Надя замерла в нелепой позе, обеими руками так и держа длинное горлышко тяжелого антикварного графина, вдребезги разлетевшегося об елагинскую башку. Ее застывшее личико ровным счетом ничего не выражало. Потом, без всякого перехода, выпустила горлышко, обеими руками схватилась за живот, согнулась. Не теряя времени, Петр схватил ее за шею, головой вперед направил в ванную, перехватил за шиворот и нагнул над ванной. Процесс пошел. Ничего, не смертельно…
Пошатываясь, он вышел в комнату. Присел на корточки рядом с неподвижным Елагиным, нащупал пульс. Аллес капут, похоже. Петр, двигаясь как автомат, вынул носовой платок и тщательно протер светло-желтую рукоятку. Извлекать кортик не стоило – моментально хлынет кровь, перепачкаешься…
И услышал, как за его спиной, в прихожей, тихонько проворачивается ключ в хорошо смазанном замке.
Одним прыжком оказавшись в ванной, прошептал:
– Притихни, ясно?!
Бросился в прихожую – как раз вовремя, чтобы нос к носу столкнуться с человеком в светлом плаще и надвинутой на нос шляпе. Ударил его по горлу, выхватил толстый портфель, поймал за кисть руки и, посторонившись, дернул так, что визитер летел через комнату, пока не споткнулся о труп Елагина. Так и загремел.
Петр вошел следом, поднял за воротник плаща господина в светлом плаще, того самого, что вышел вместе с Елагиным из квартиры, где убили Фомича. Родного братца, козла поганого. Вмиг обыскал, вытряхивая на стол все, что попадалось в карманах.
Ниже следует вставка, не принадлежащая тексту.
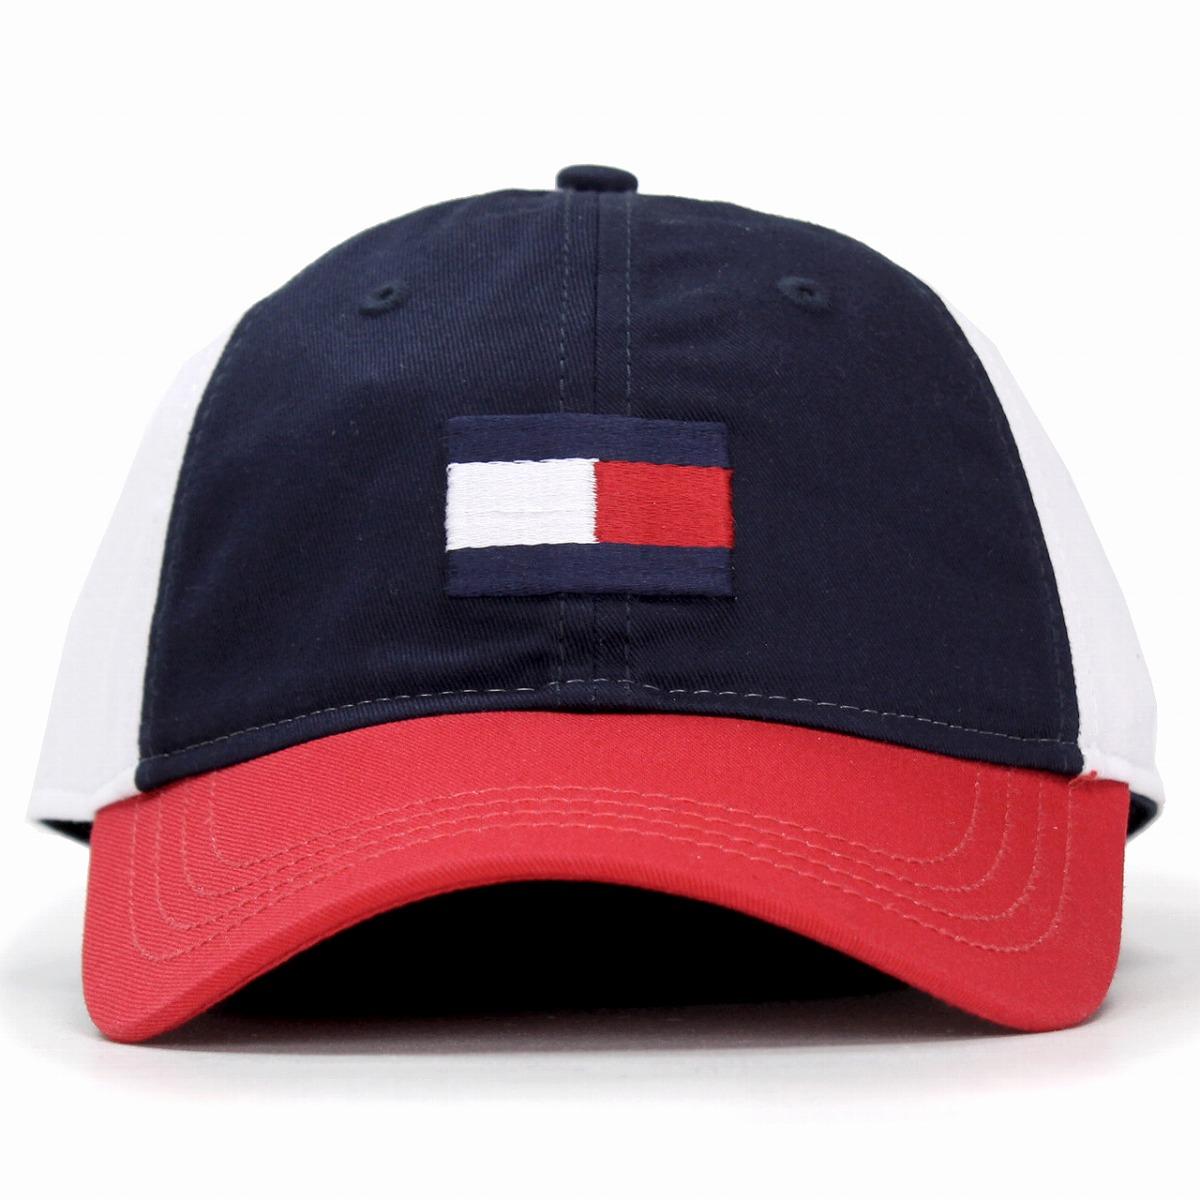 34f8f01bfbbda Navy. A category Cap. トミーヒルフィガーベースボールキャップ ALINGHI CAP Tommy Hilfiger casual cap  men ...

Сплошные пустяки: тяжелый серебряный портсигар, зажигалка, две связки ключей… Никакого оружия. Ага, вот и греческий паспорт на имя, конечно же, Костаса Василидиса. Толкнув Пашку на стул, Петр подобрал пистолет, поставил портфель на стол, раскрыл.
Вороха бумаг – тех самых, что он, болван, усердно подмахивал. Договоры, предоставлявшие г-ну Василидису все полномочия по управлению теми самыми иностранными инвестициями. Всю эту канцелярию Пашка никому не отваживался, надо полагать, доверить на хранение – и таскал с собой, словно пропуск в рай. В известном смысле так оно и было…
А это? Петр вытащил фотографию обнаженной Кати – застекленную, в желтой металлической рамочке. Та самая, которой он восхищался, чуть ли не единственная, выглядевшая настоящим искусством. Еще фотографии, в большом конверте, – из той коллекции, что он уже видел в альбомах. Катя во всех мыслимых позах.
– Понятно, Паша, – сказал он, опустив крышку портфеля. – Завершающий штрих, а? Дополнение к тому, что ты подсунул в сейф. Интимные снимки, подаренные любовнику, у которого в конце концов крыша поехала окончательно… Интересно, что ты ему наплел такое, что он совершенно не боялся пополнить твою коллекцию трупов? Может, поделишься по-родственному секретами?
Пашка молчал, сгорбившись на стуле. Новое лицо, совершенно не похожее на прежнее, казалось застывшей маской, но глаза посверкивали чересчур уж живо. В умной голове, скорее всего, уже шла напряженнейшая работа, просчитывались шансы, взвешивались аргументы, шли лихорадочные поиски выхода. Петр уже достаточно узнал братца, чтобы не сомневаться: именно так сейчас и обстояло.
Стукнула дверь ванной – появилась Надя, с мокрым лицом и мокрой на груди рубашкой, прислонилась к косяку, уставилась на них обоих сухими, взрослыми глазами.
– Ну, скажи что-нибудь, – нарушил молчание Петр. – Что произошла ужасная ошибка, что я не так все понял… Что молчишь?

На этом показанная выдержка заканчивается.